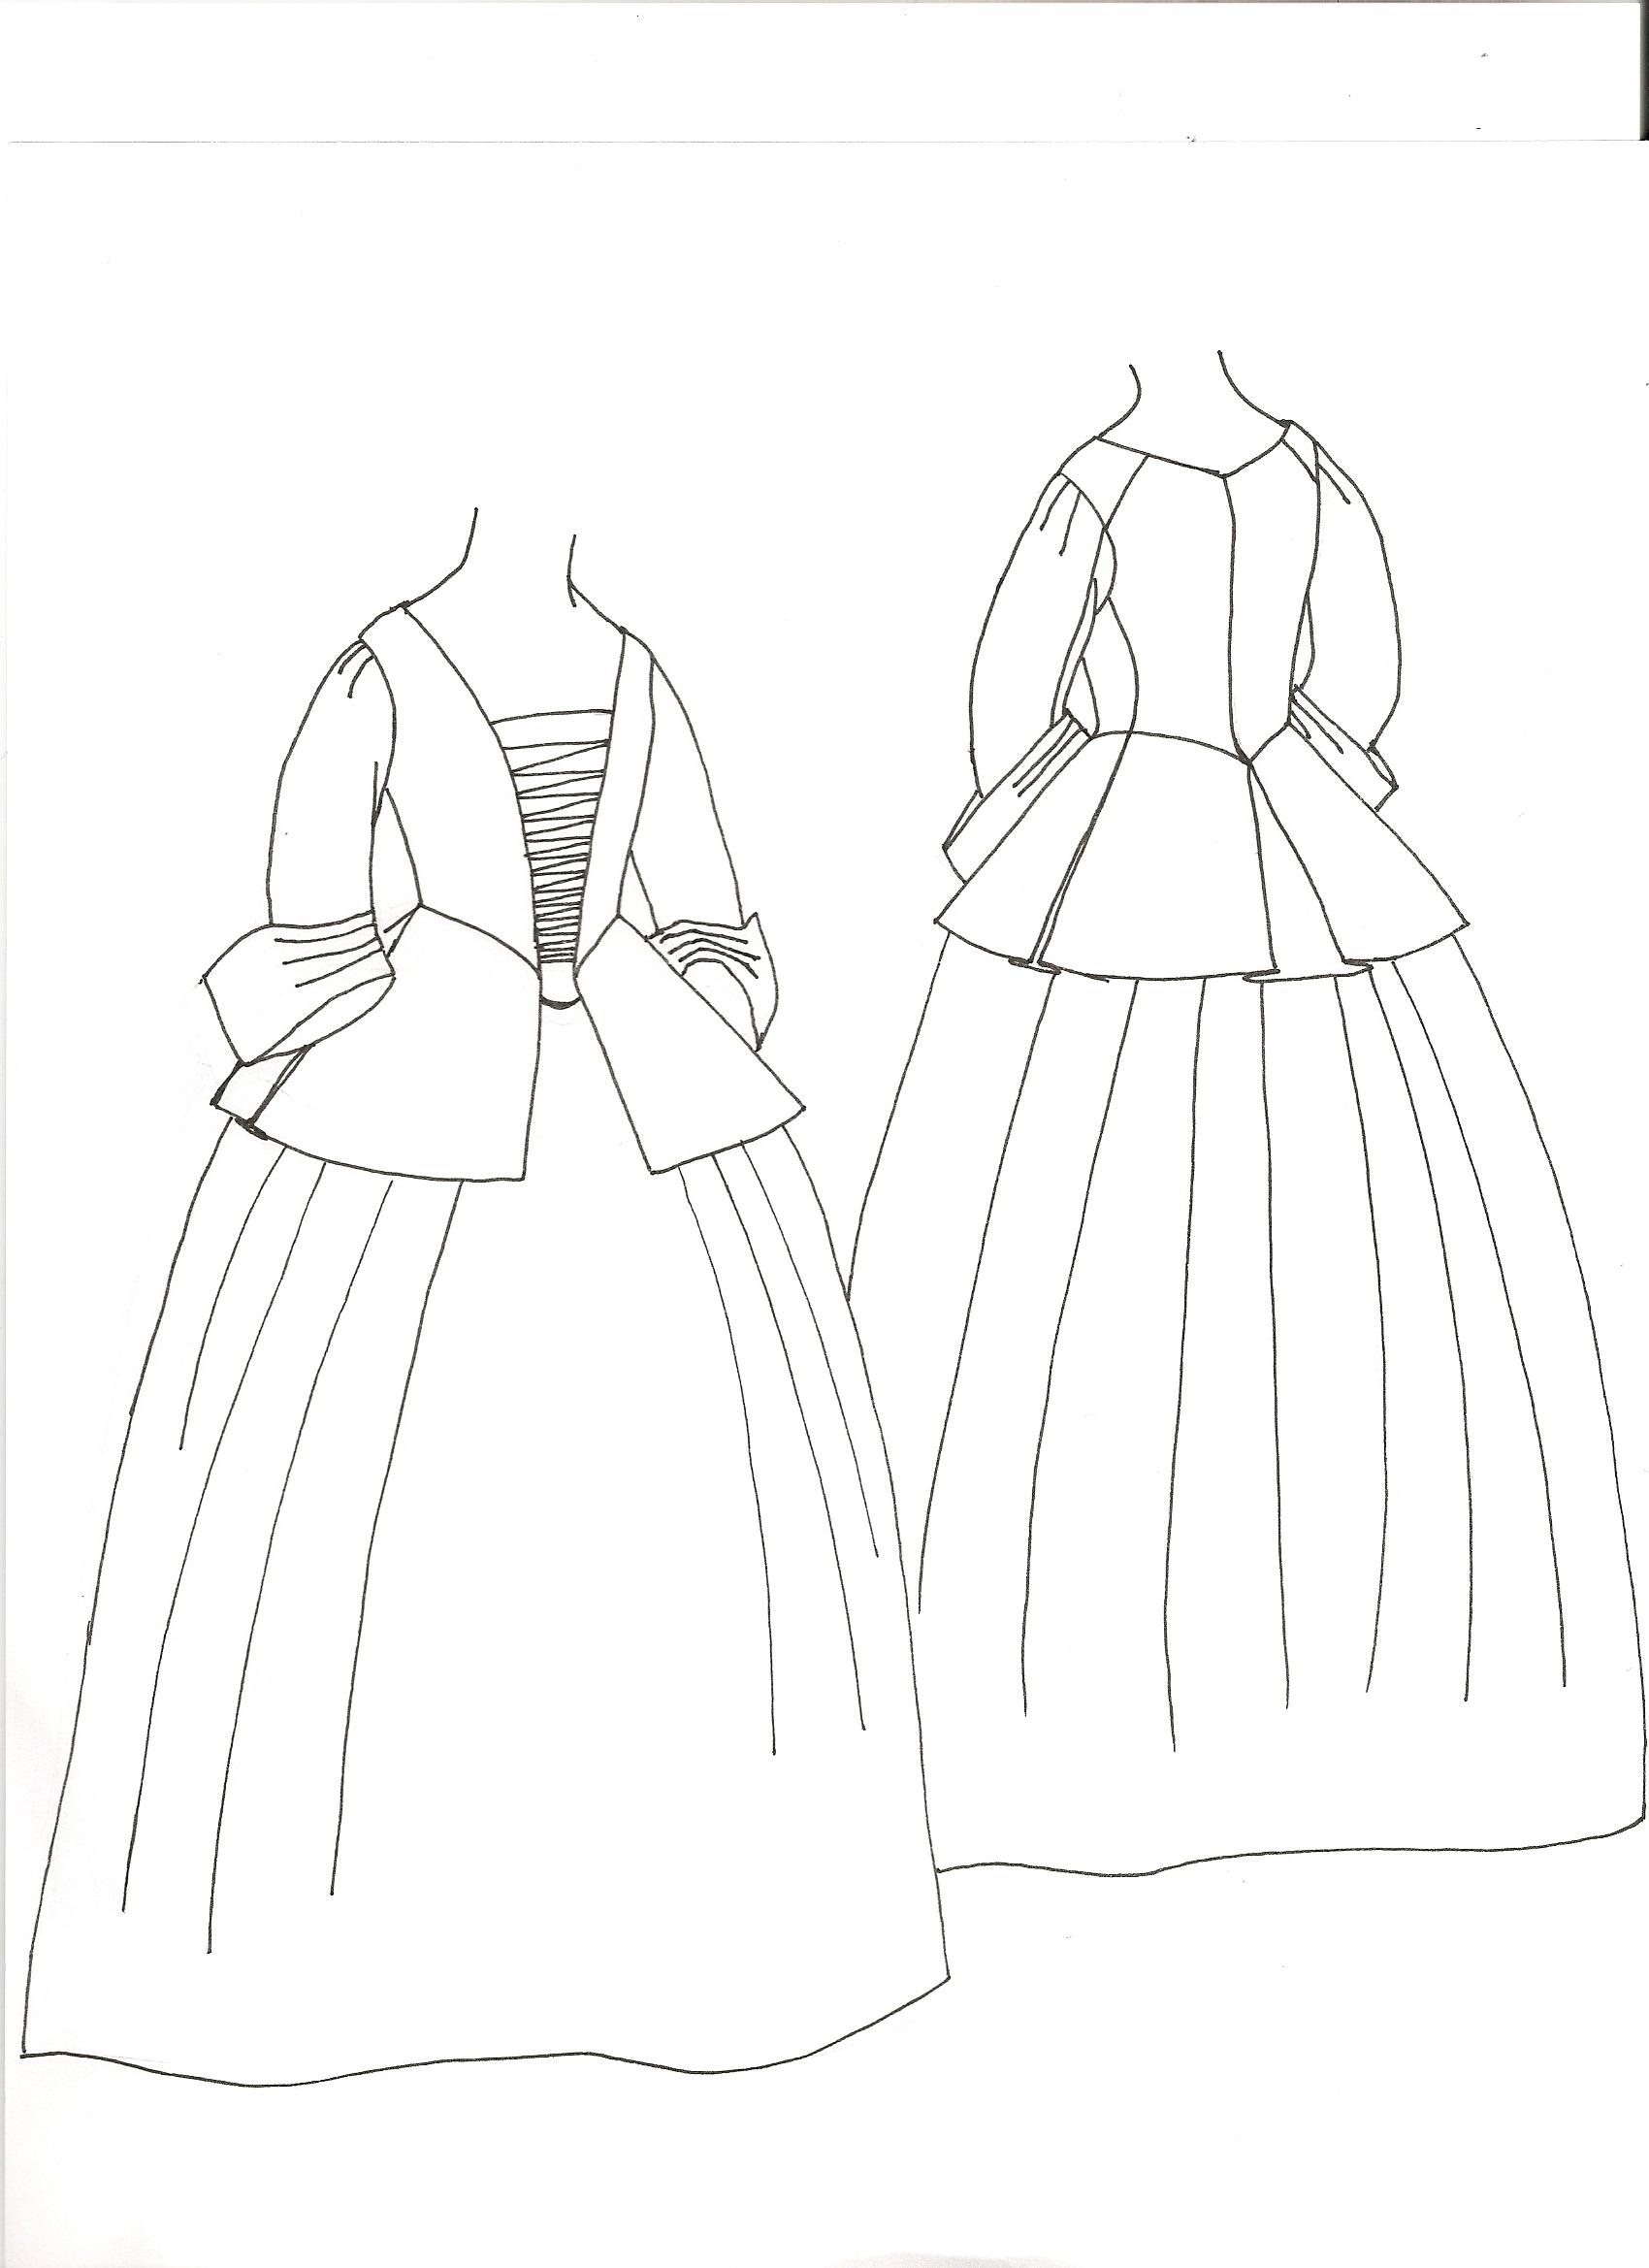 Calico Jacket And Petticoat
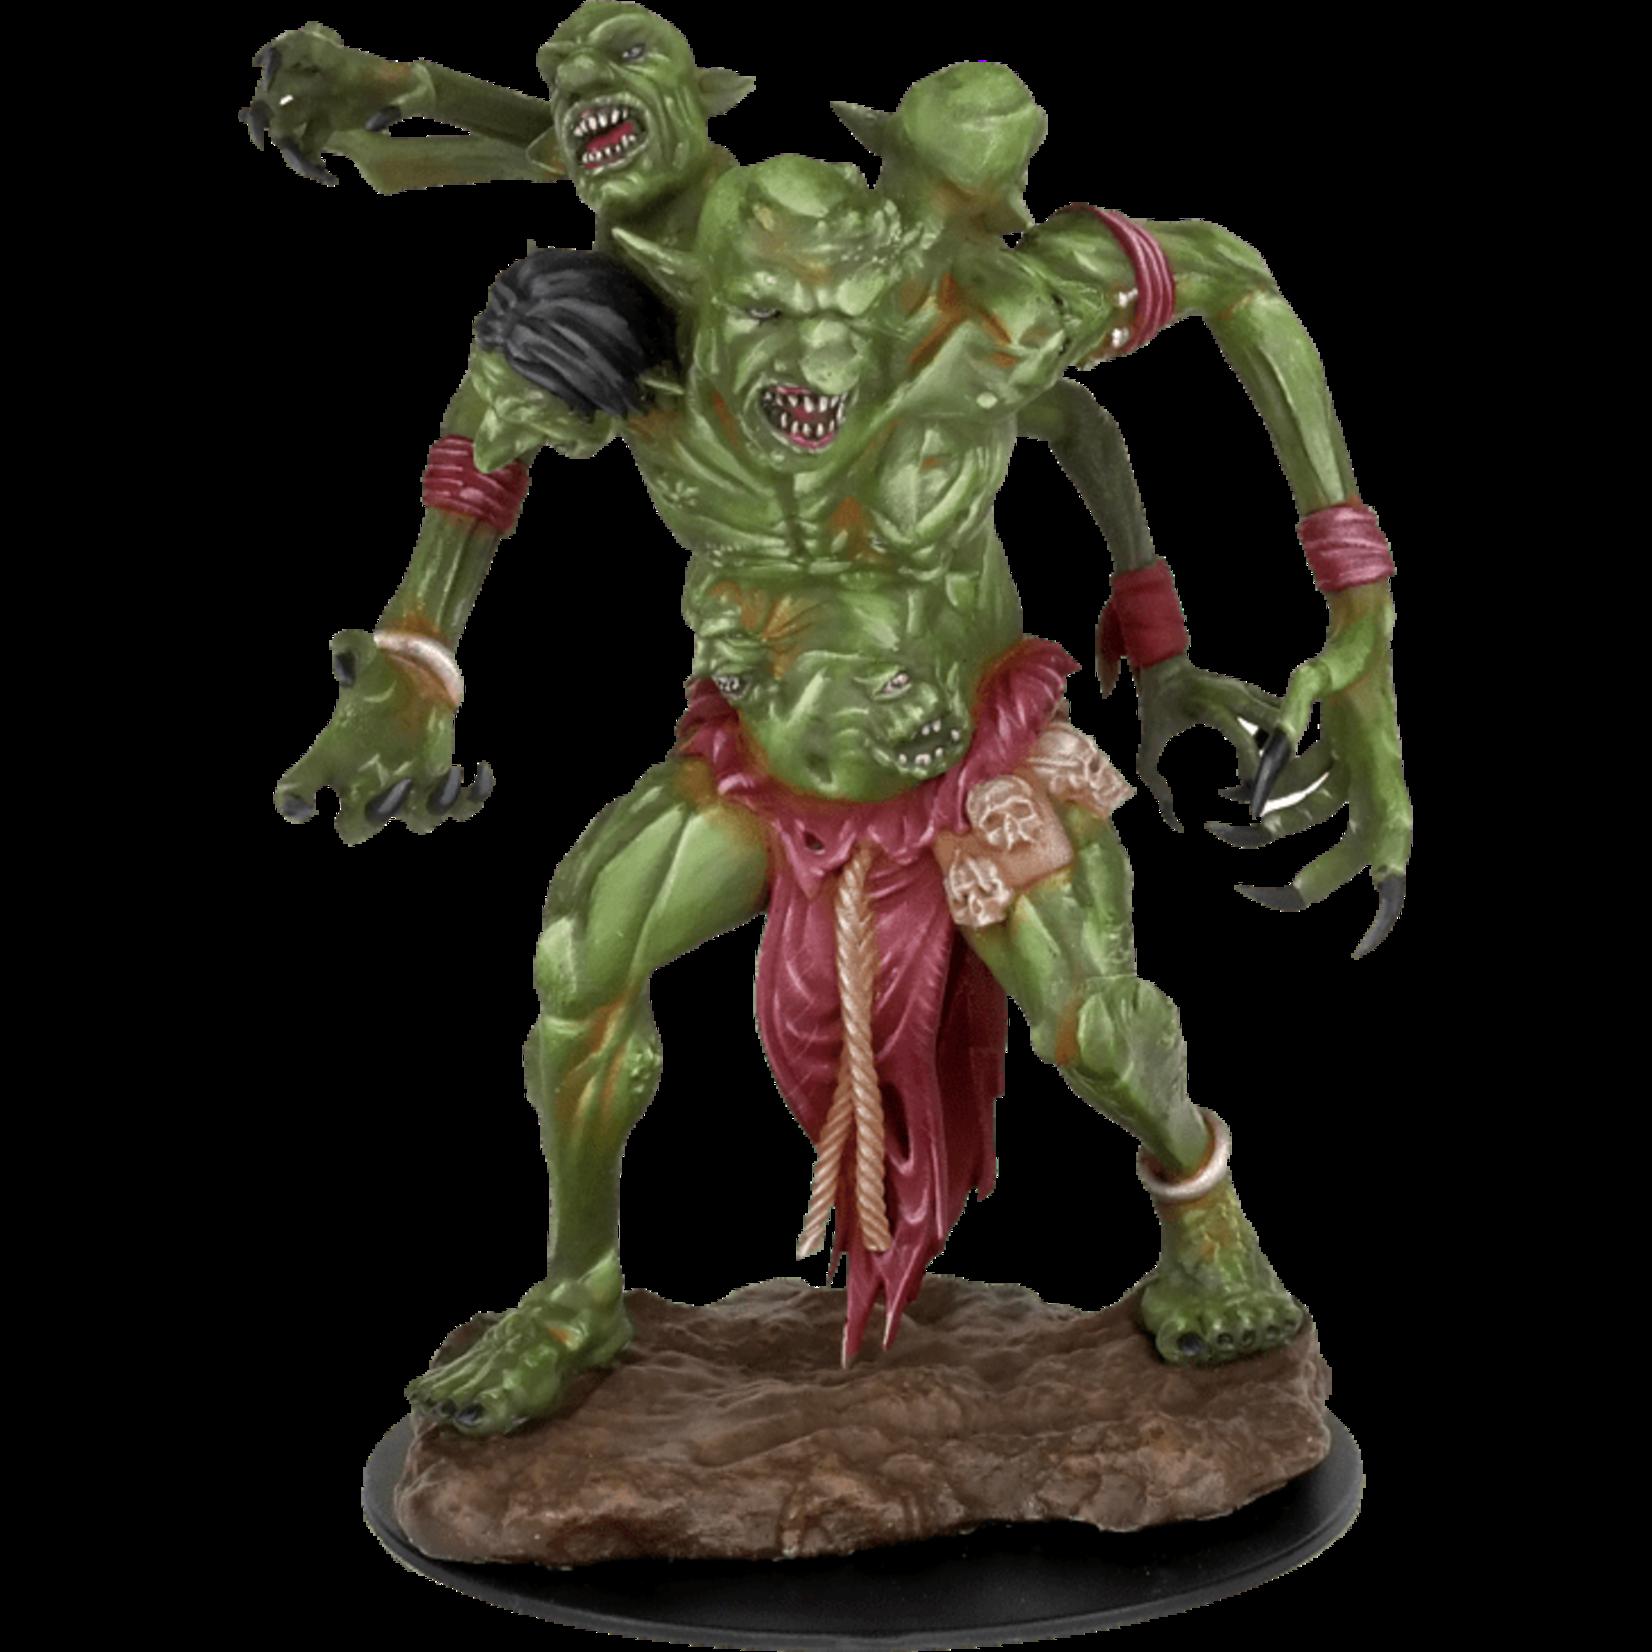 WizKids Dungeons & Dragons: Nolzur's Marvelous Miniatures: Dire Troll Paint Night Kit
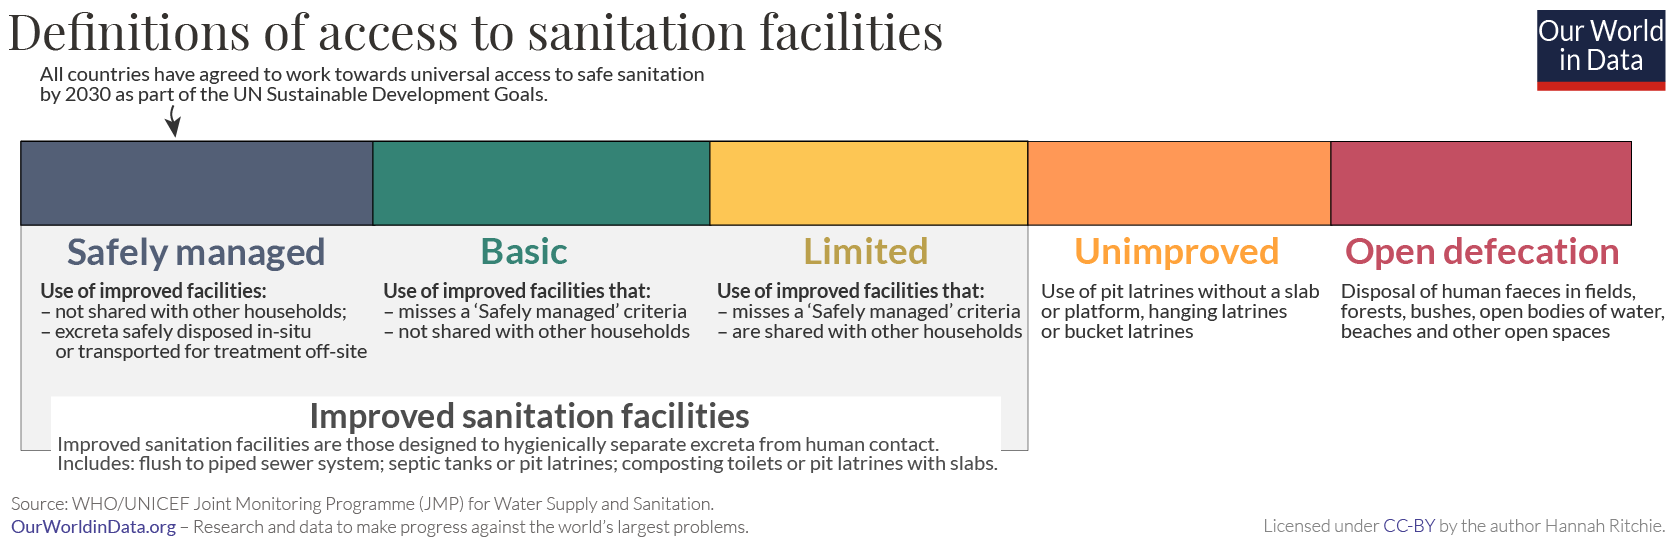 Sanitation definitions

━━━

PROBLEM TO SOLVE:
The lines from the one holding "WizKids Dungeons &" through the end of the material above are to be echoed exactly, both ends included. Do not include pictures.

ANSWER:
 WizKids Dungeons & Dragons: Nolzur's Marvelous Miniatures: Dire Troll Paint Night Kit
 Sanitation definitions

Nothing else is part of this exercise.